Grgic v. P & G Construction

PUDLOWSKI, Judge.

Claimant appeals his award of 65% permanent partial disability by the Labor & Industrial Relations Commission, asserting that the commission erred in denying him permanent total benefits for his extensive head injuries. Employer cross appeals the commission’s finding that the injury arose out of and in the course of his employment. We reverse the commission’s decision as to the denial of total disability benefits, and uphold the commission’s finding of a work related injury.

The following facts are taken solely from the written findings of the commission. Mr. Grgic and his wife moved from Yugoslavia to this country over twenty years ago. Mr. Grgic was trained in Europe as a construction engineer, and has a master’s degree in that field. After settling in the St. Louis area, Mr. Grgic formed a construction company, P & G Construction (P & G), and began to build houses. Among the houses that P & G built were several units in Pacific, Missouri. P & G maintained and repaired these houses.

Mr. Grgic and his family lived in one of these houses. On March 17,1989, Mr. Grgic was making repairs to several of the rental properties. In the late afternoon Mr. Grgic went to the door of Jeffrey Seitz, one of the tenants. His purpose was twofold, to repair the gutter and to collect past due rent.

The commission found that Seitz, the tenant, had a short temper and a reputation for violence, and that “a frustrated Jeffrey Seitz, unable to pay his rent, took out his anger on his unsuspecting landlord.” Upon opening the door, Seitz forcefully struck Mr.
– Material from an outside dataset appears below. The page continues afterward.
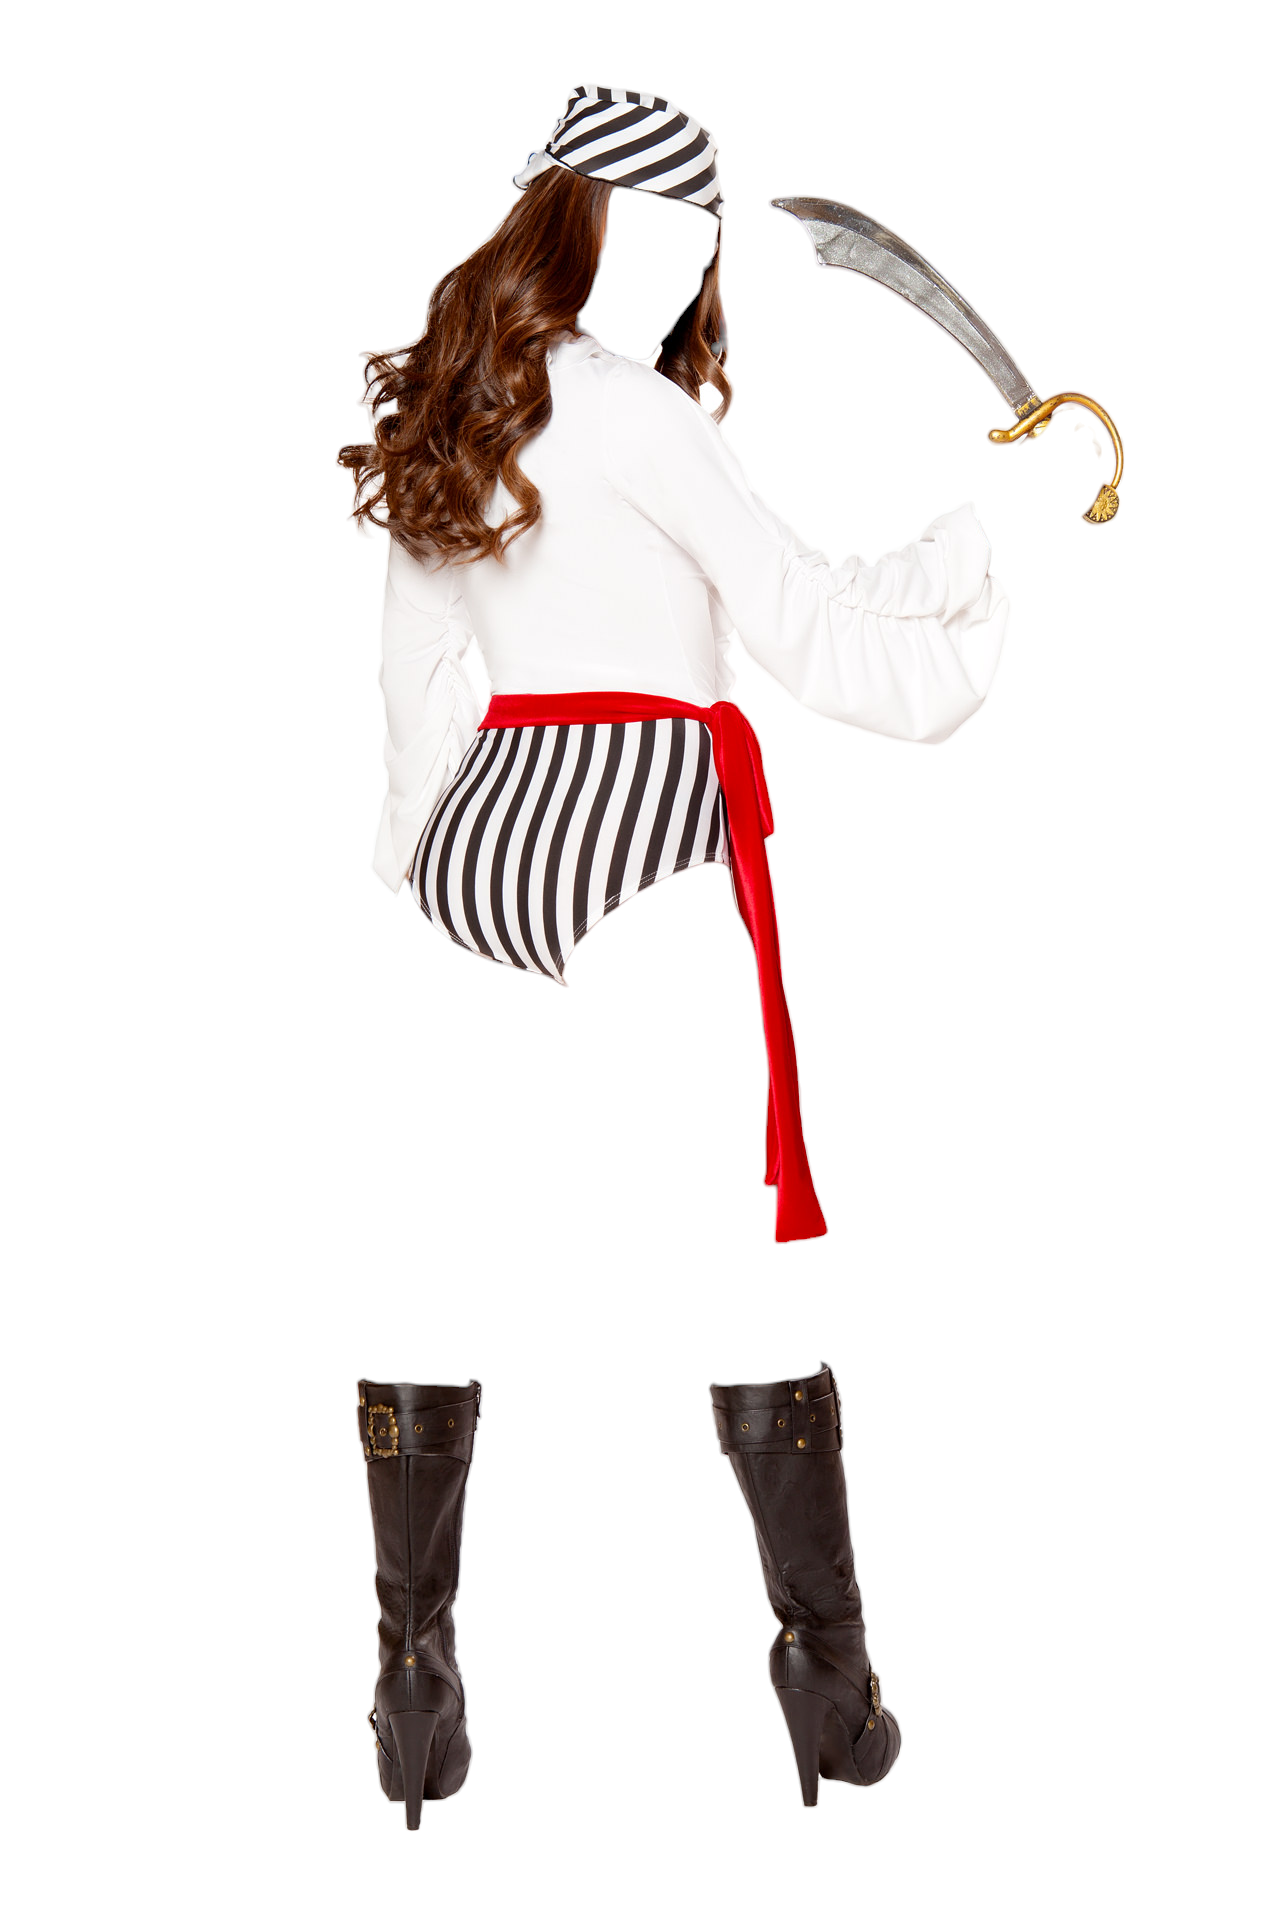 Roma Costume 3 PC Pirate Scoundrel Romper with Lace Up Detail Black/White/Red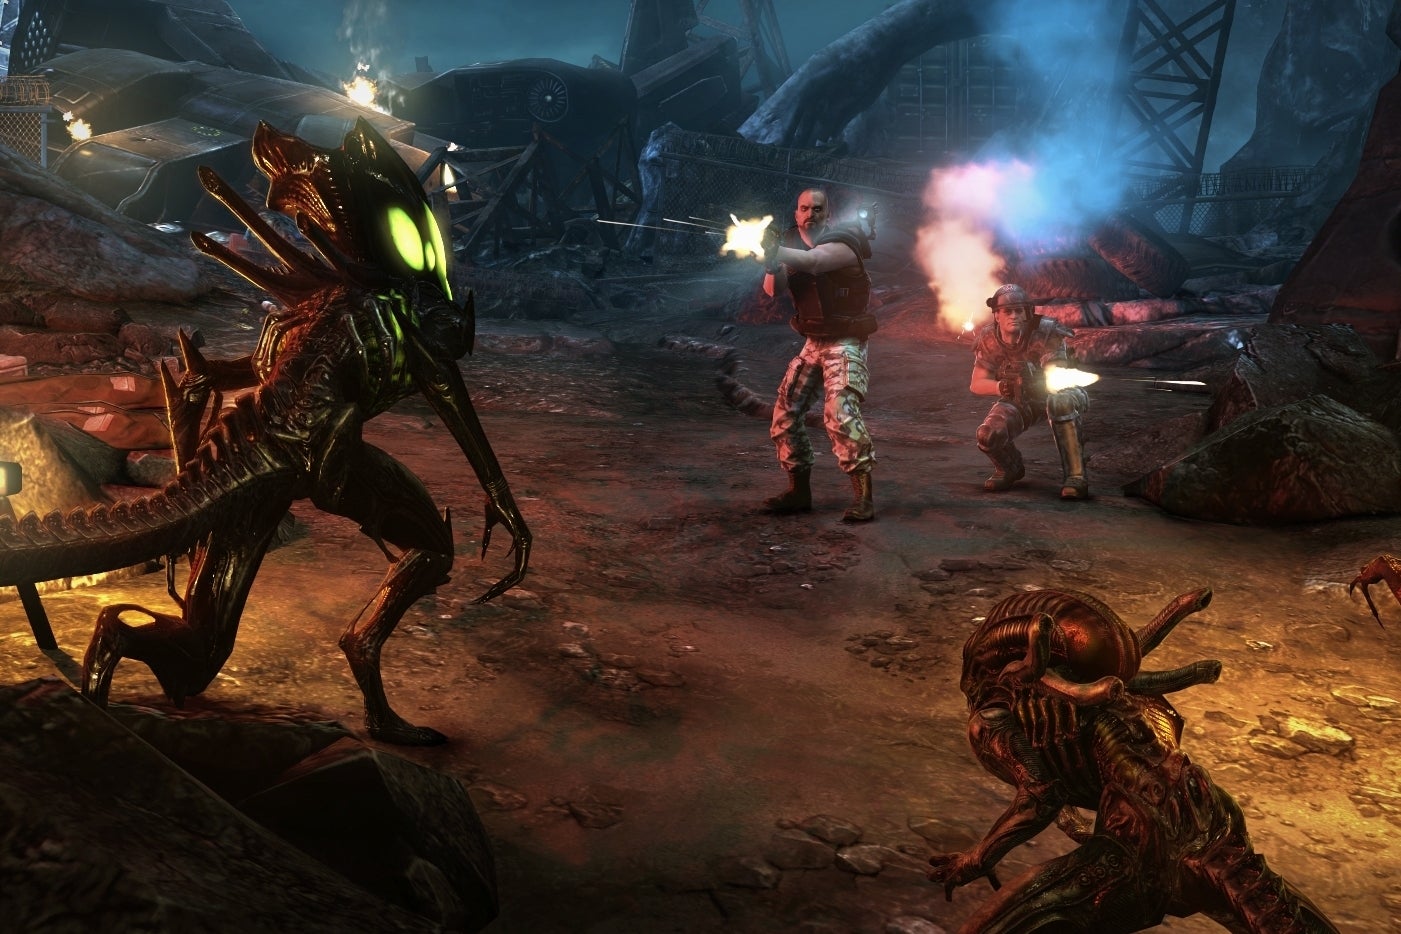 Image for Aliens: Colonial Marines has been patched on Xbox 360, PS3

Grgic’s head with a baseball bat. The blow rendered Mr. Grgic unconscious and bleeding immediately inside the front door. It caused multiple skull fractures and caused hemorrhaging and trauma in the left hemisphere of his brain. Over $70,000 has been spent, to date, on his medical bills.

Mr. Grgic, once a graduate level scholar, now has a 78 I.Q., placing him in the bottom five percent of the population. He has problems remembering, concentrating, and processing information. His problem solving skills have been drastically reduced. He has reduced coordination. He has reduced use of his right arm, and walks abnormally, as his right foot slaps the ground. He also has speech difficulties which cause considerable confusion in communication. He remains susceptible to ulcers and pneumonia, and will *466require medical treatment for his condition for the rest of his life.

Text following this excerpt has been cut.